▶ THE TASK
From the listing below, output the lines between the one with "Schöner alter Buchenholz" and the one with "Casa Unifamiliar por", including those two, and nothing else. Pictures are not copied.

▶ DATA SHOWN

○ ○ ○ ○

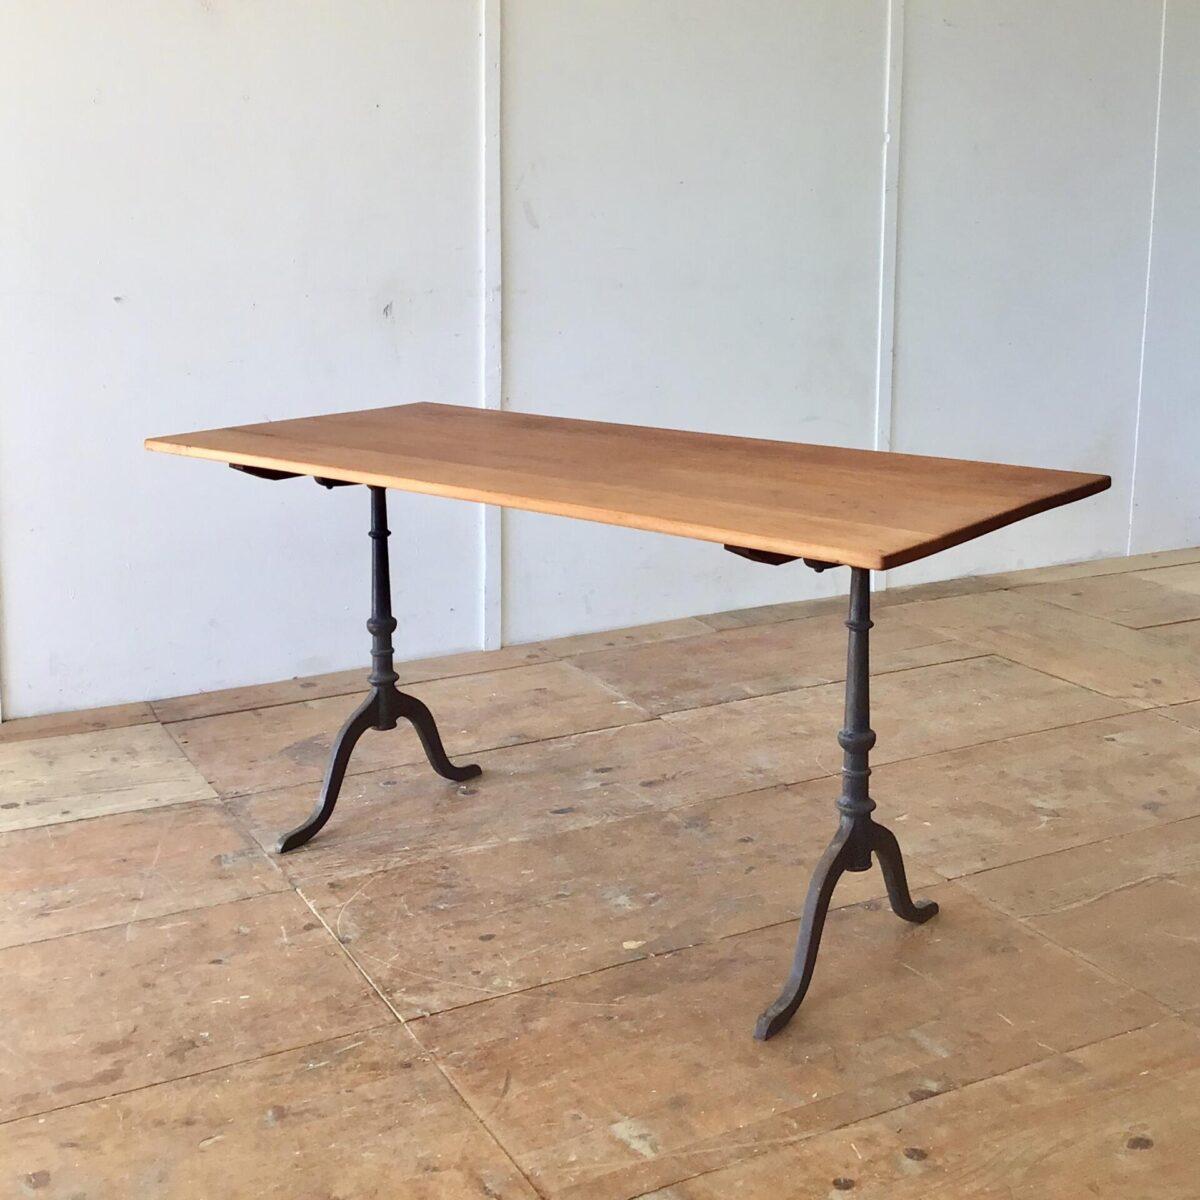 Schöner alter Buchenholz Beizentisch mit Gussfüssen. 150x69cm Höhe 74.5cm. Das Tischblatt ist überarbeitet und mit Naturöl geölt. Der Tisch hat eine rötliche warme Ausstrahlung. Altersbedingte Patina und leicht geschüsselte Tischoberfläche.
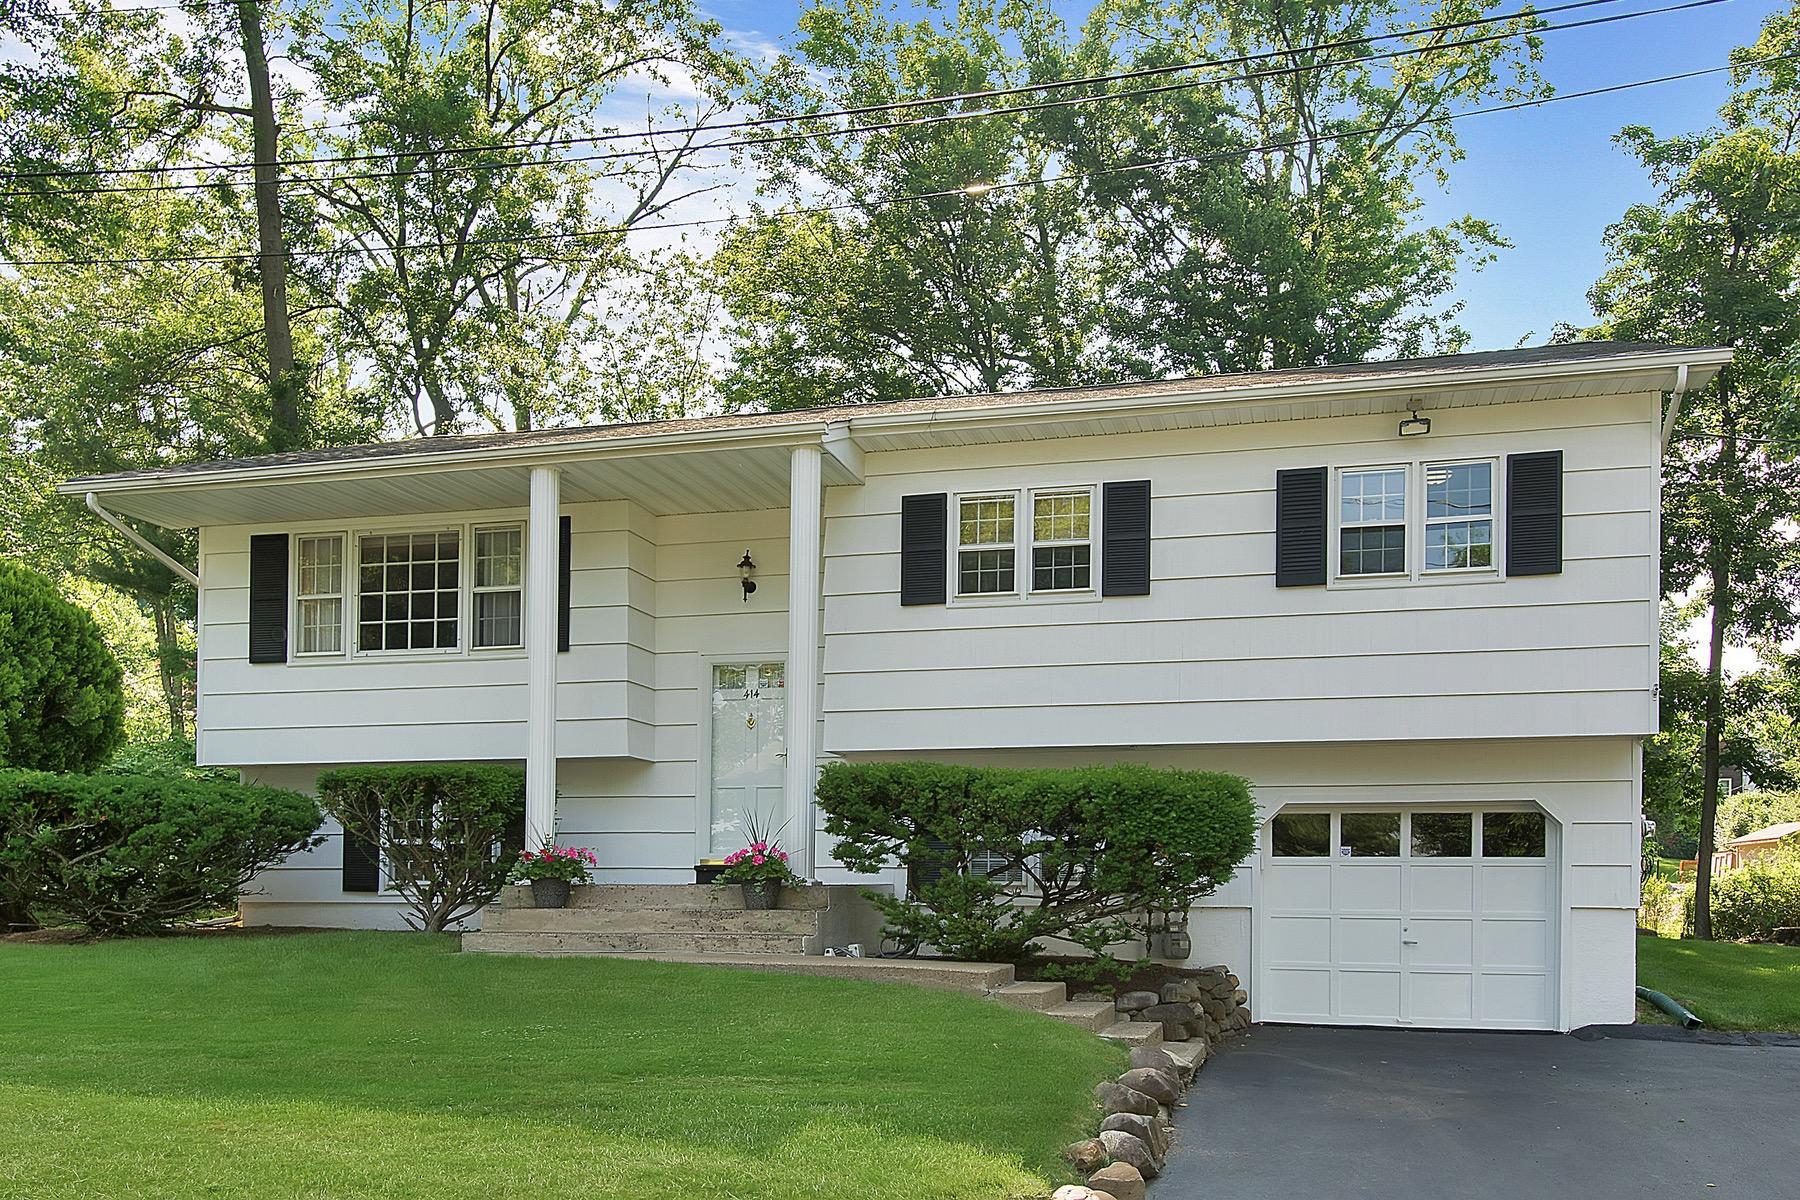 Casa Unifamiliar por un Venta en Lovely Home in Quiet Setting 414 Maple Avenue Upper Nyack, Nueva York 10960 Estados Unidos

○ ○ ○ ○

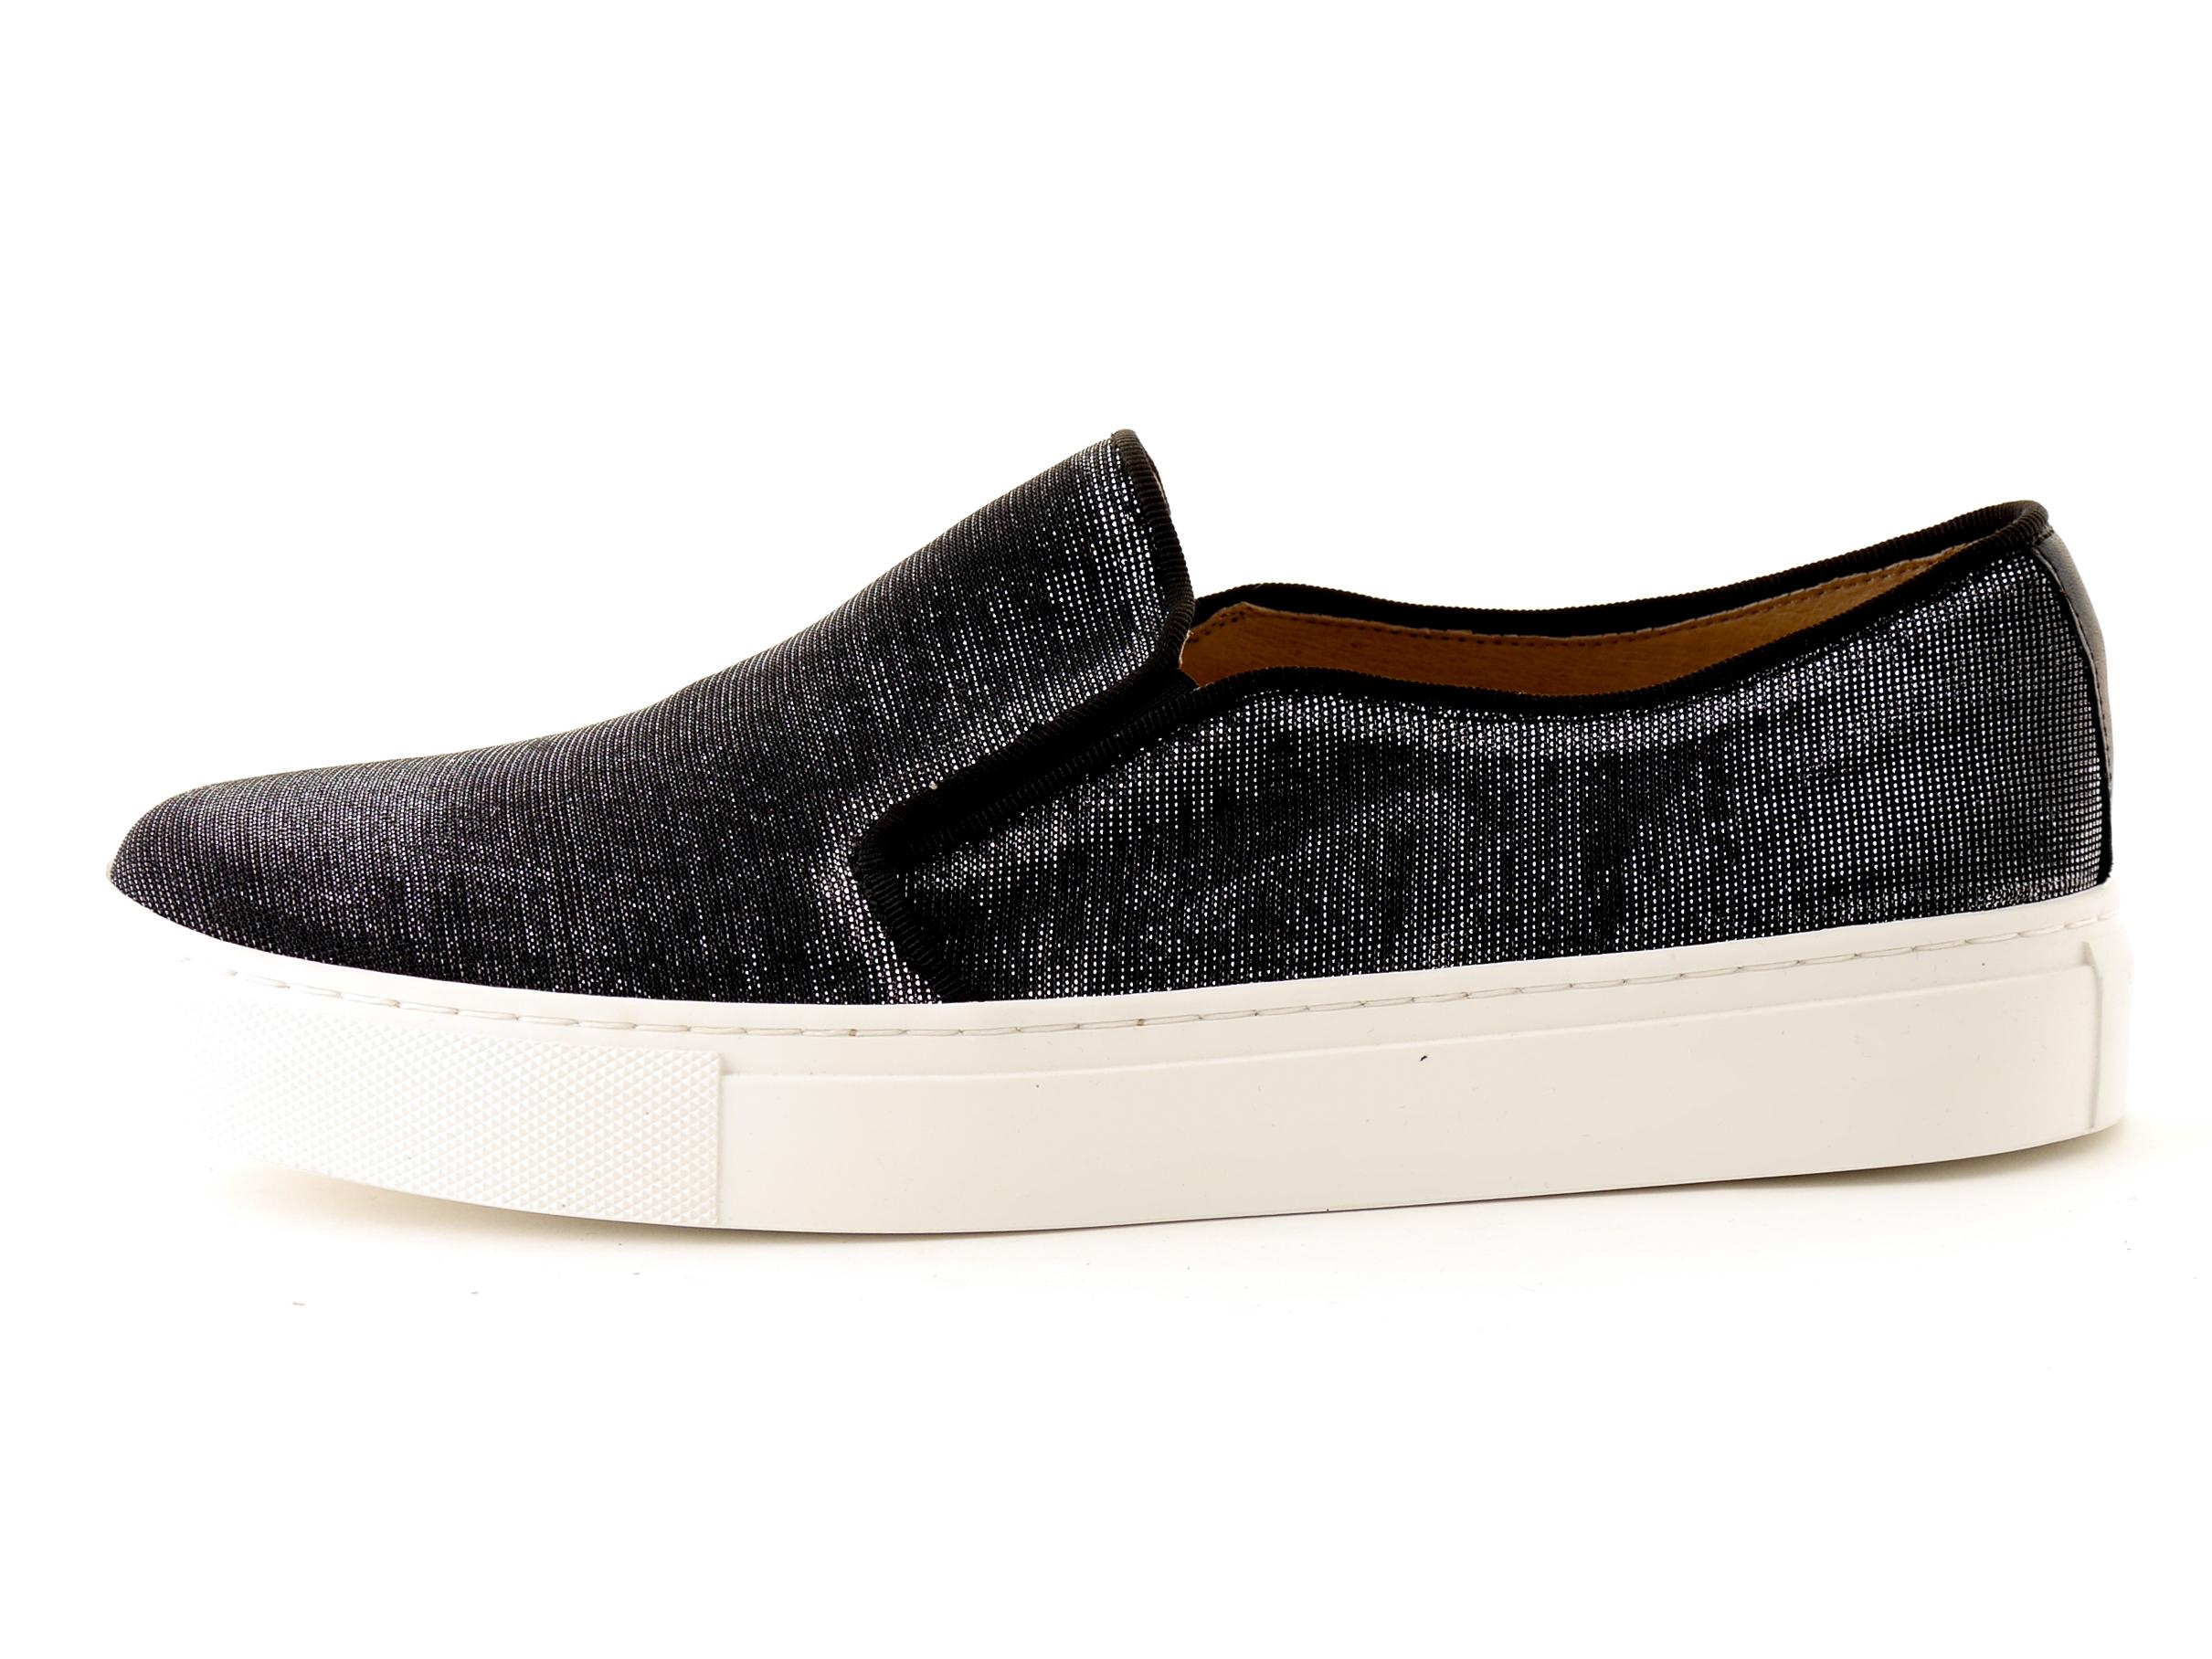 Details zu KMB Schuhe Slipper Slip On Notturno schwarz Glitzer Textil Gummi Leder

○ ○ ○ ○

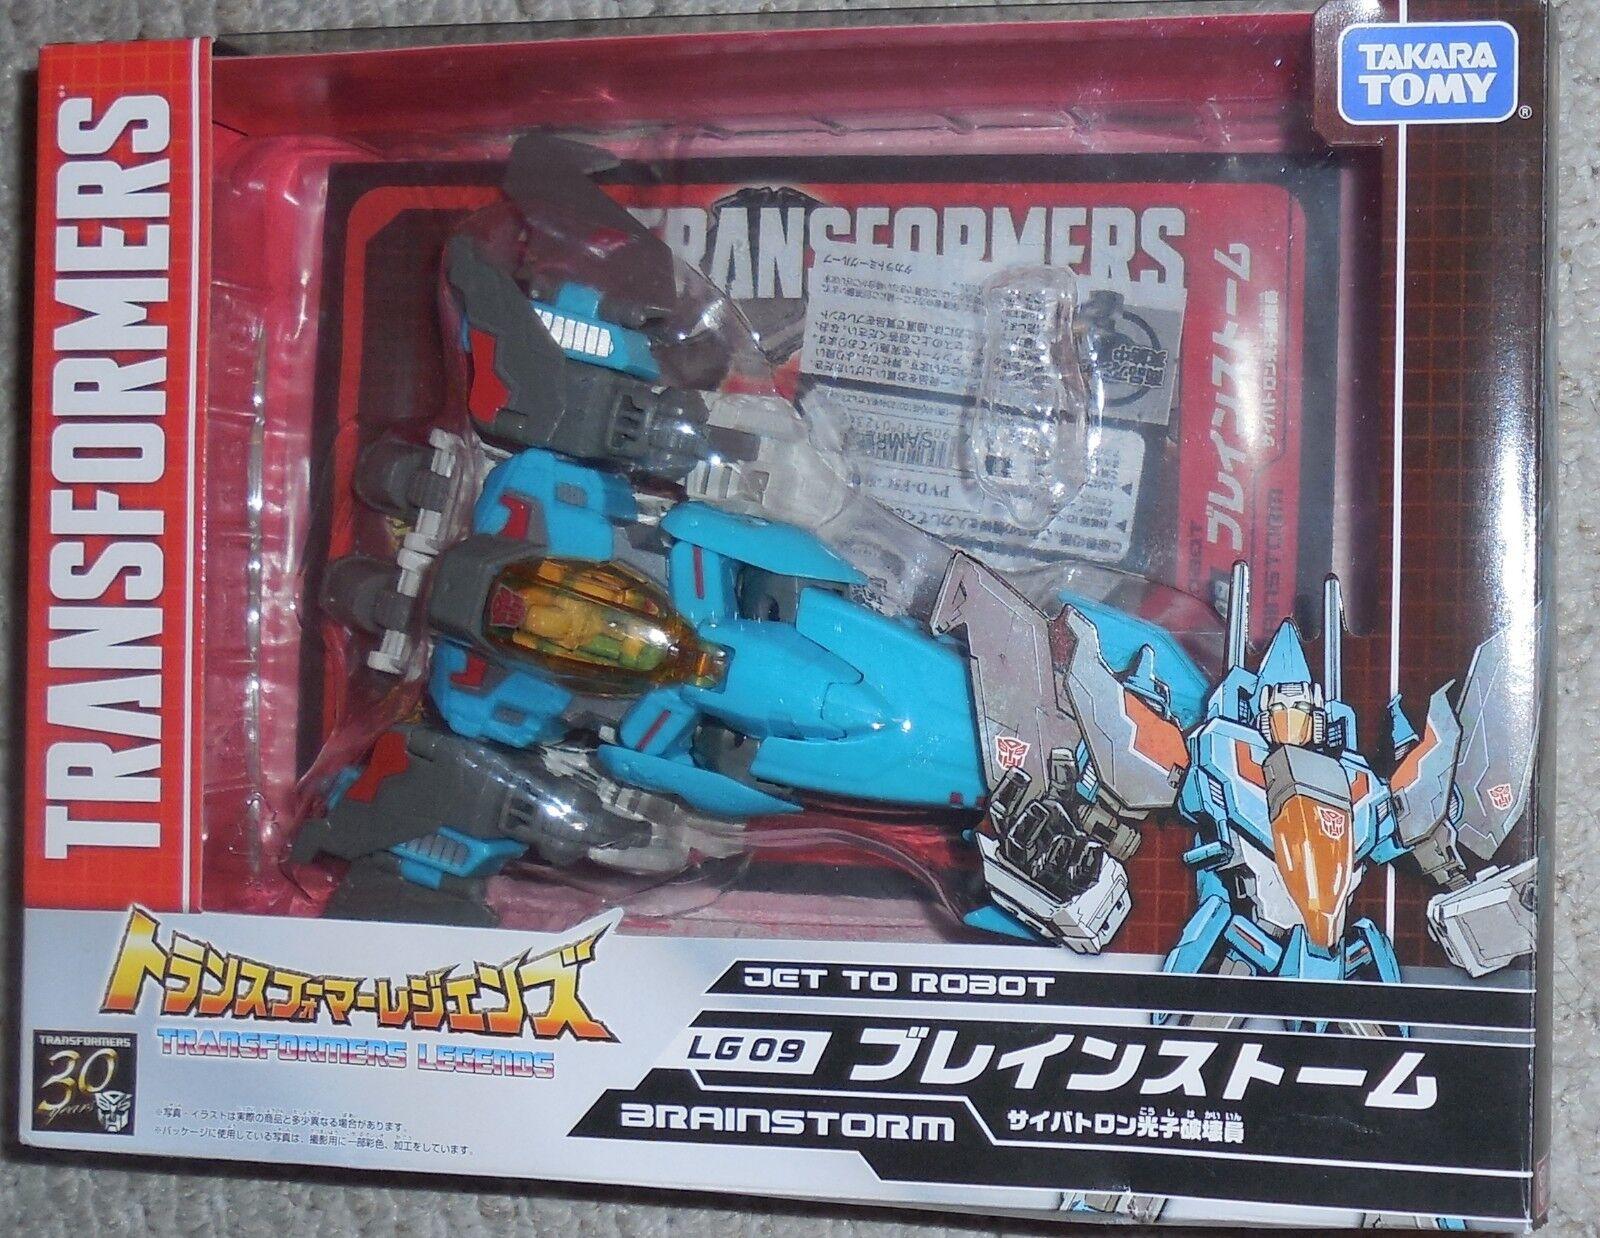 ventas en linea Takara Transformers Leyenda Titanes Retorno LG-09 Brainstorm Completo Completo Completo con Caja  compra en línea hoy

○ ○ ○ ○

▶ ANSWER TO THE EXERCISE
 Schöner alter Buchenholz Beizentisch mit Gussfüssen. 150x69cm Höhe 74.5cm. Das Tischblatt ist überarbeitet und mit Naturöl geölt. Der Tisch hat eine rötliche warme Ausstrahlung. Altersbedingte Patina und leicht geschüsselte Tischoberfläche.
 Casa Unifamiliar por un Venta en Lovely Home in Quiet Setting 414 Maple Avenue Upper Nyack, Nueva York 10960 Estados Unidos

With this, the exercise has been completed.